Pace of presidential helicopter programme forces team to use six development aircraft and fast-track production

Lockheed Martin is to double the size of its US101 test fleet in an effort to support the US Navy's aggressive fielding schedule for the USA's next presidential helicopter.

The pace of the four-year development programme is also forcing the Lockheed/AgustaWestland/Bell Helicopter team to produce the first seven VXX aircraft using the existing EH101 production line in Yeovil, UK. The remaining 19 aircraft will be transferred to a final assembly site now under construction in Amarillo, Texas.

Programme officials, however, note that there is no change to a commitment to split the $6.2 billion contract between three national industries – two-thirds to the USA and a third to be divided between Italy and the UK. Delivering the first seven aircraft from Yeovil will provide "best value to the programme and meet the schedule and risk associated with it", says Col Frank Mazur, programme manager for the VXX.

Both steps also point to a possibly under-appreciated advantage that the Lockheed proposal offered against the Sikorsky VH-92 bid in a fierce competition decided on 28 January. In a fast-paced development programme, Lockheed's team appears to have adopted a highly flexible strategy for reducing schedule risk.

The USN plans to field the first VXX aircraft in fiscal year 2009, and the development programme must by this time fully test the aircraft's new 2,500shp (1,860kW) General Electric CT7-8C engines and install a sophisticated mission system package. After the first five production aircraft are fielded, the navy plans to upgrade the engine to the 3,000shp CT7-8E standard and introduce further mission system enhancements.

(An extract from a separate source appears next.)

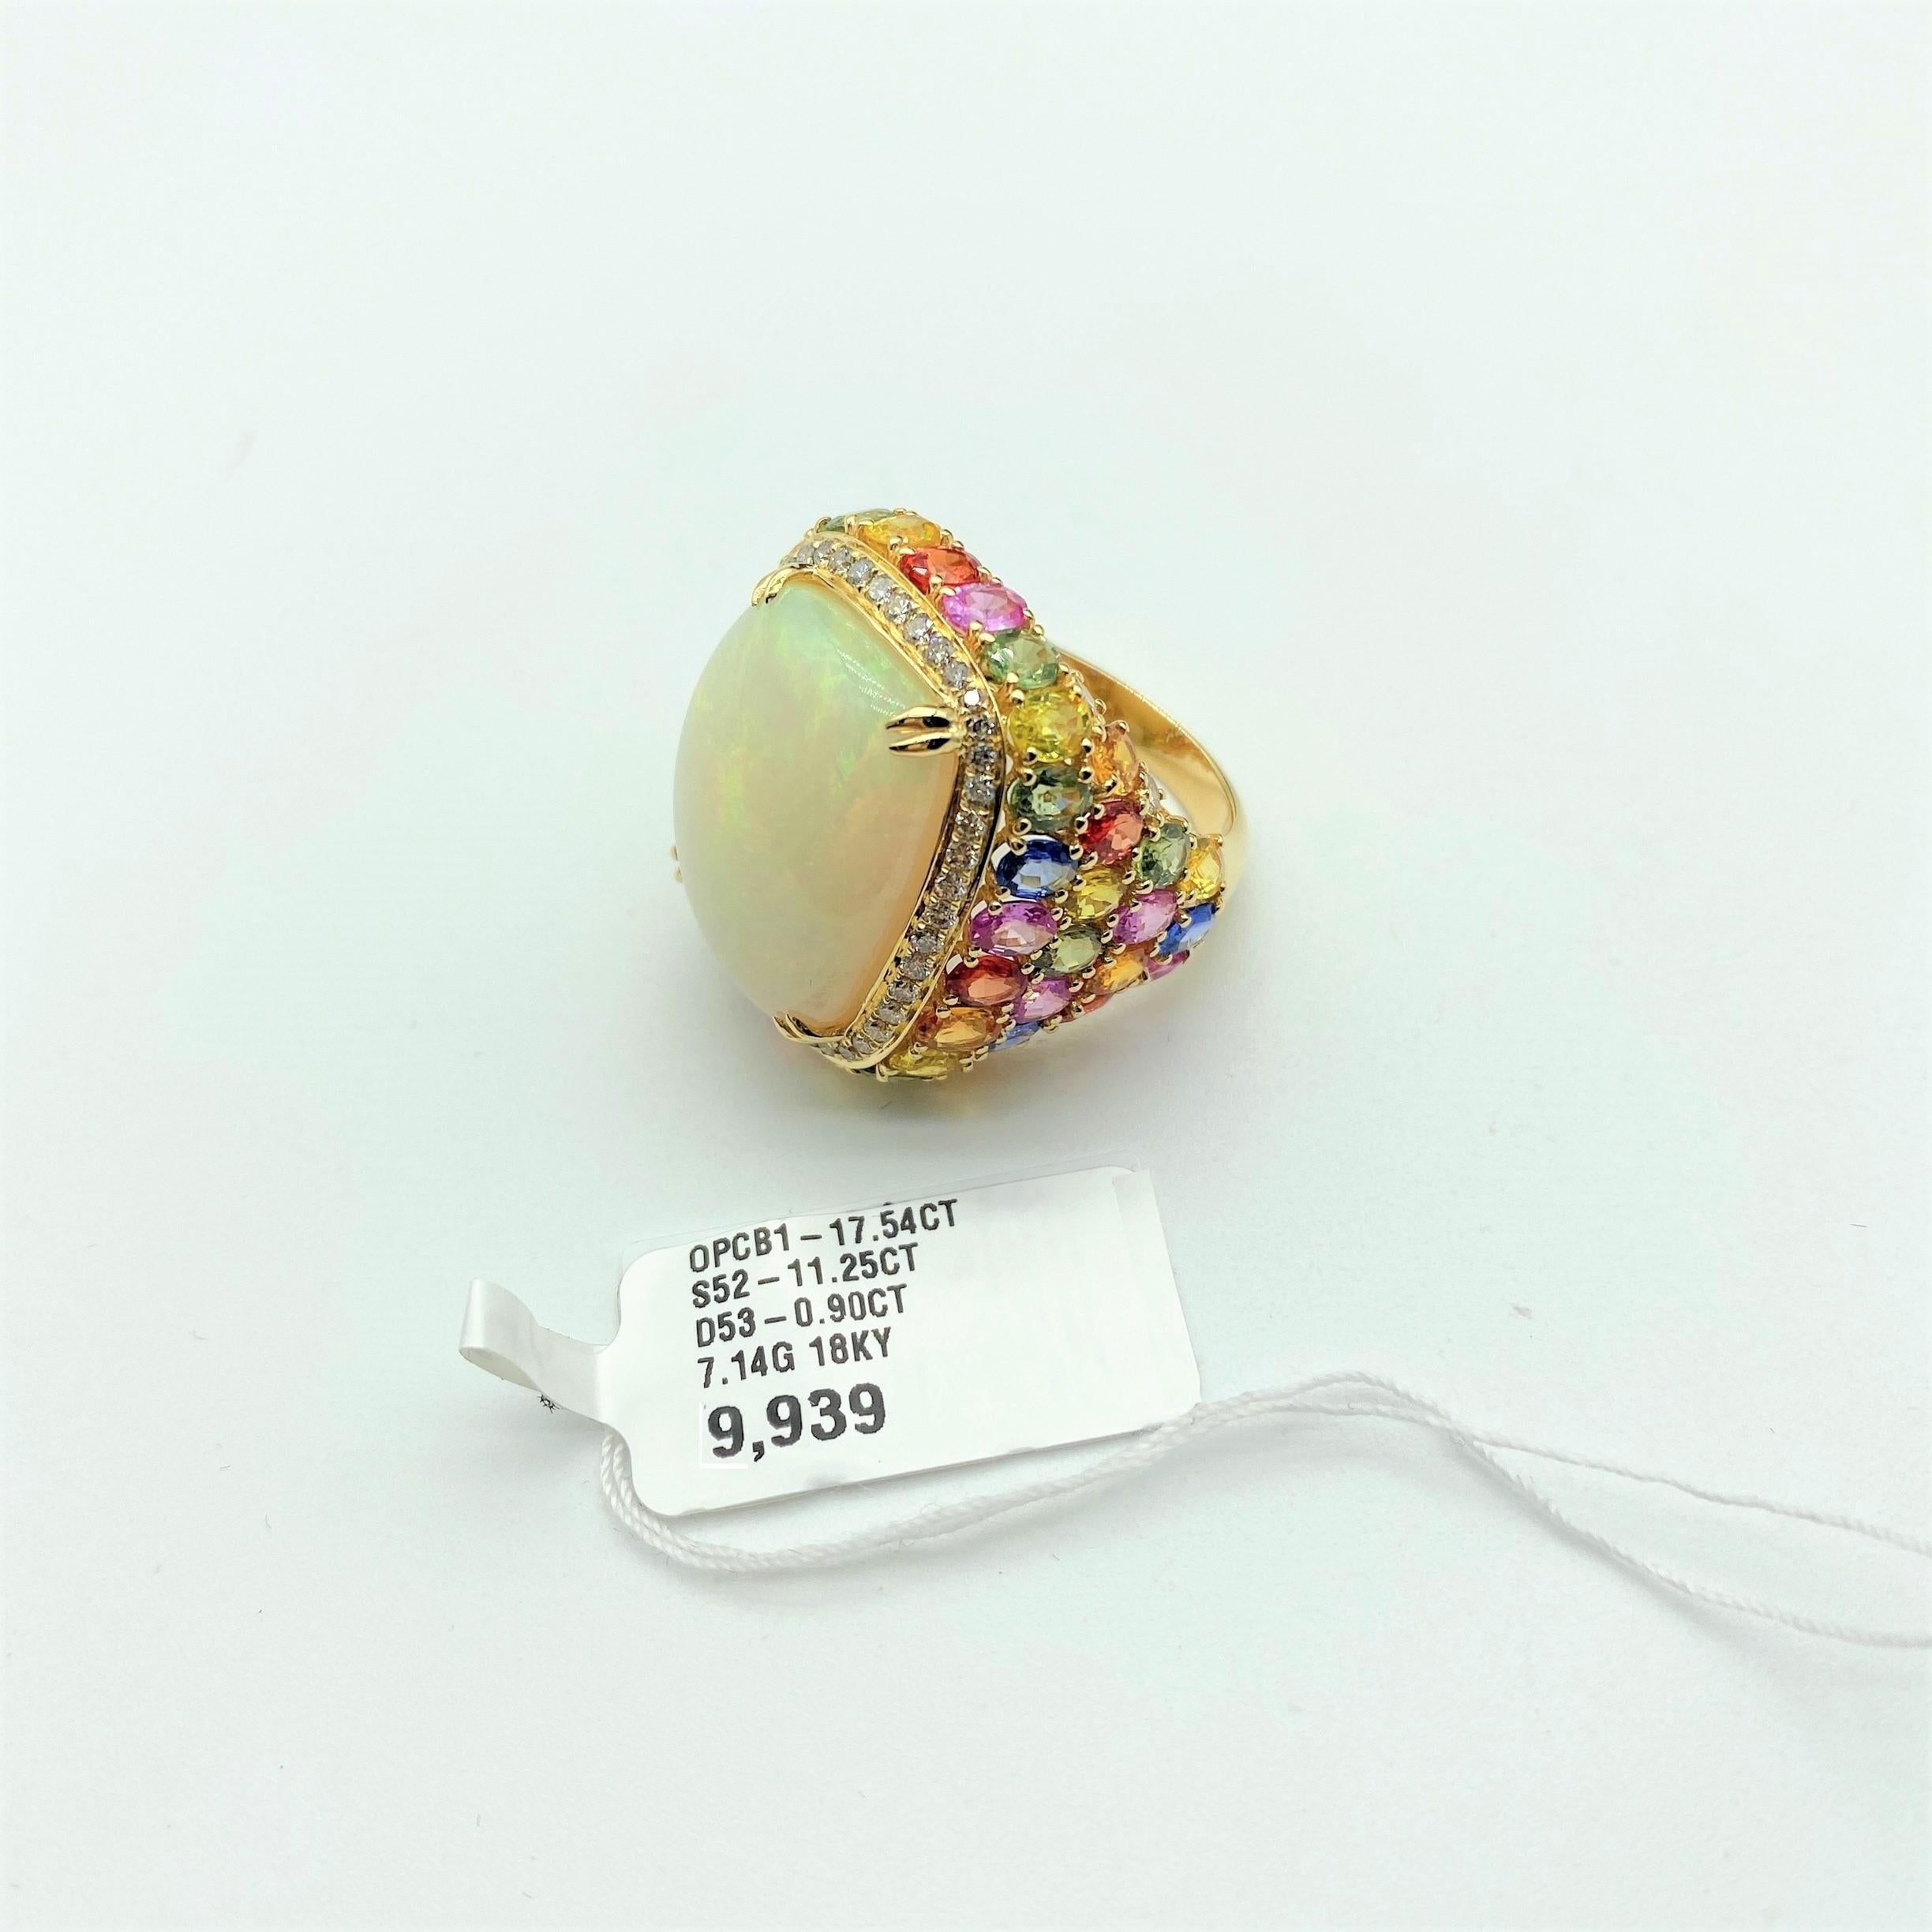 9, 939 Rare 18KT Gold Large Fancy Opal Rainbow Sapphire Diamond Ring In New Condition For Sale In New York, NY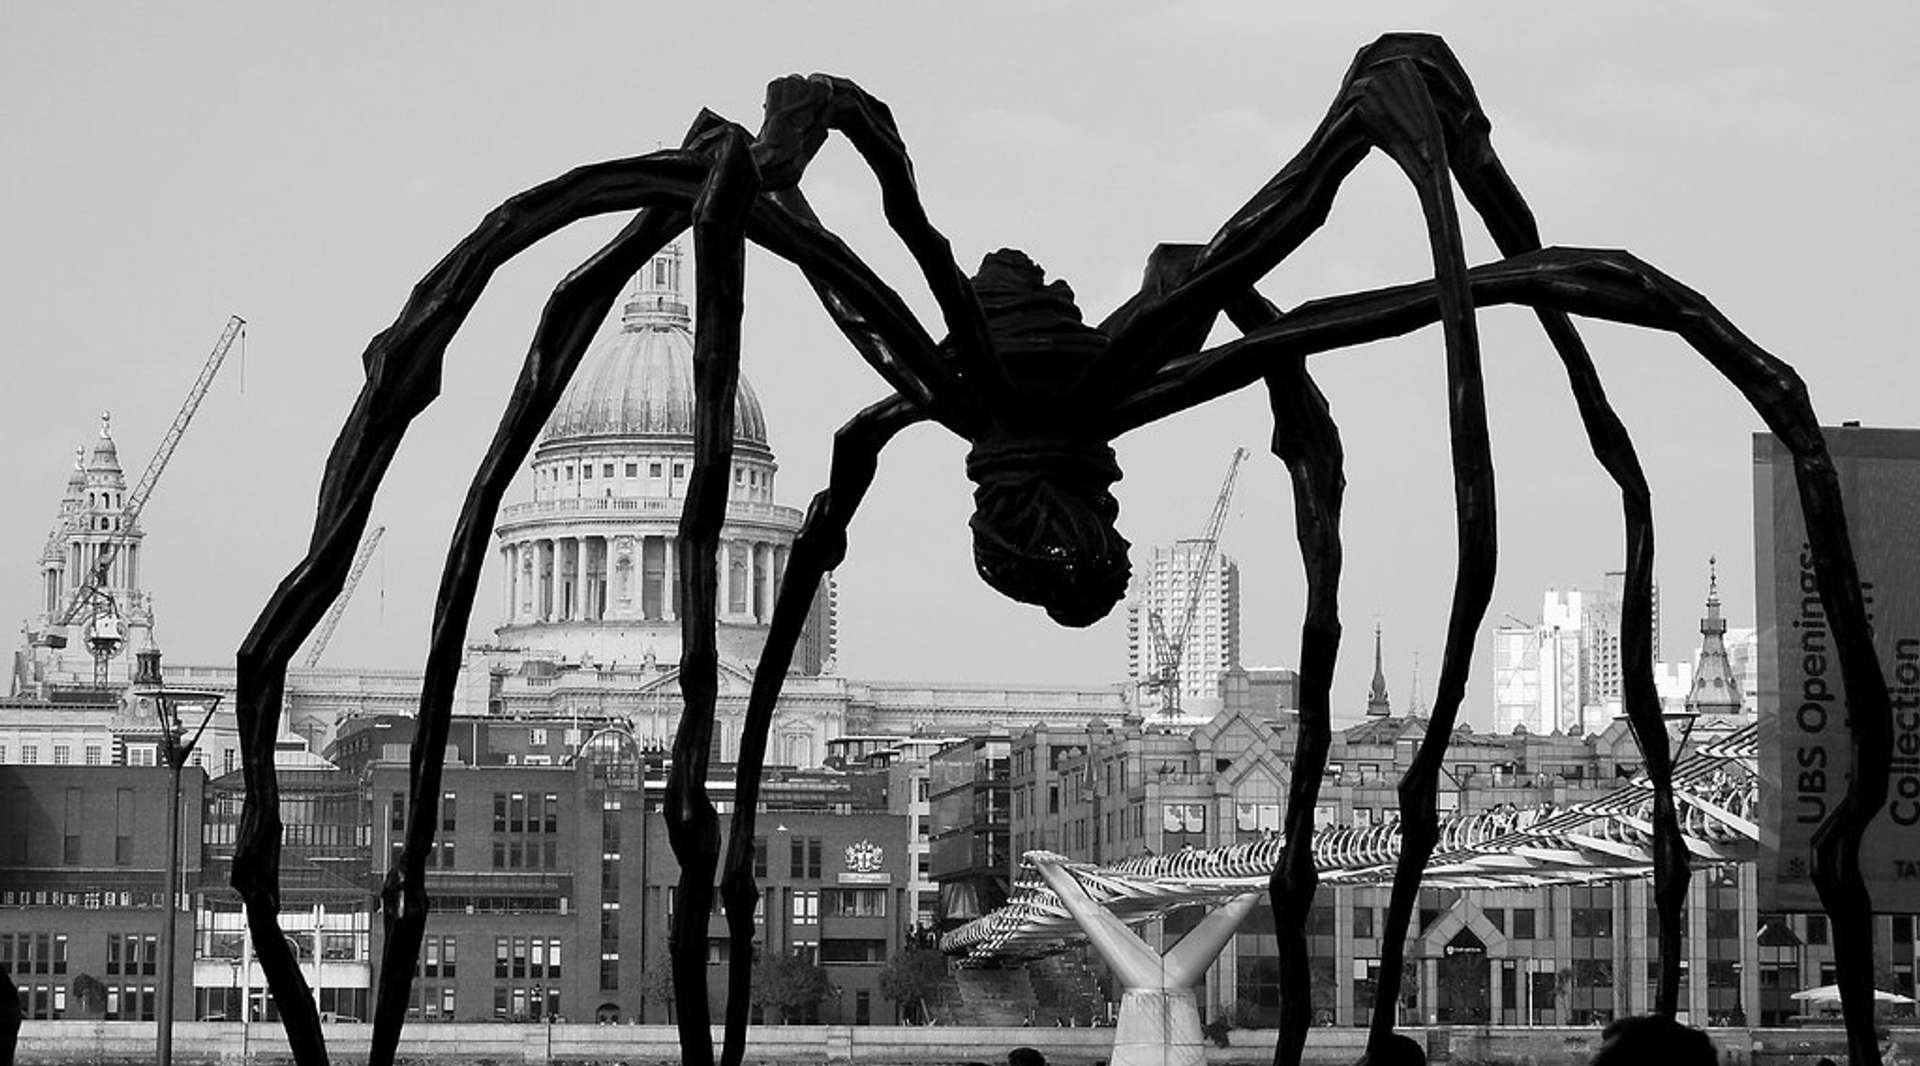 Louise Bourgeois' Maman spider sculpture captured in a black and white photograph, with London's St Pauls Cathedral in the background.

The USN's contracting strategy called for these challenges to be addressed using a fleet of three test aircraft to be introduced after FY07, but Lockheed is adding three more aircraft, including one delivered last year and another two to arrive later this year. The extra aircraft are being loaned to the navy, but should still be available for use after its purchased test assets are delivered.

The issue of using a foreign assembly site for the first seven purchased aircraft is likely to stir renewed criticism from Sikorsky's political supporters, although Lockheed last year stated 90% of the US101 programme's lifecycle production and maintenance costs will be placed with US industry.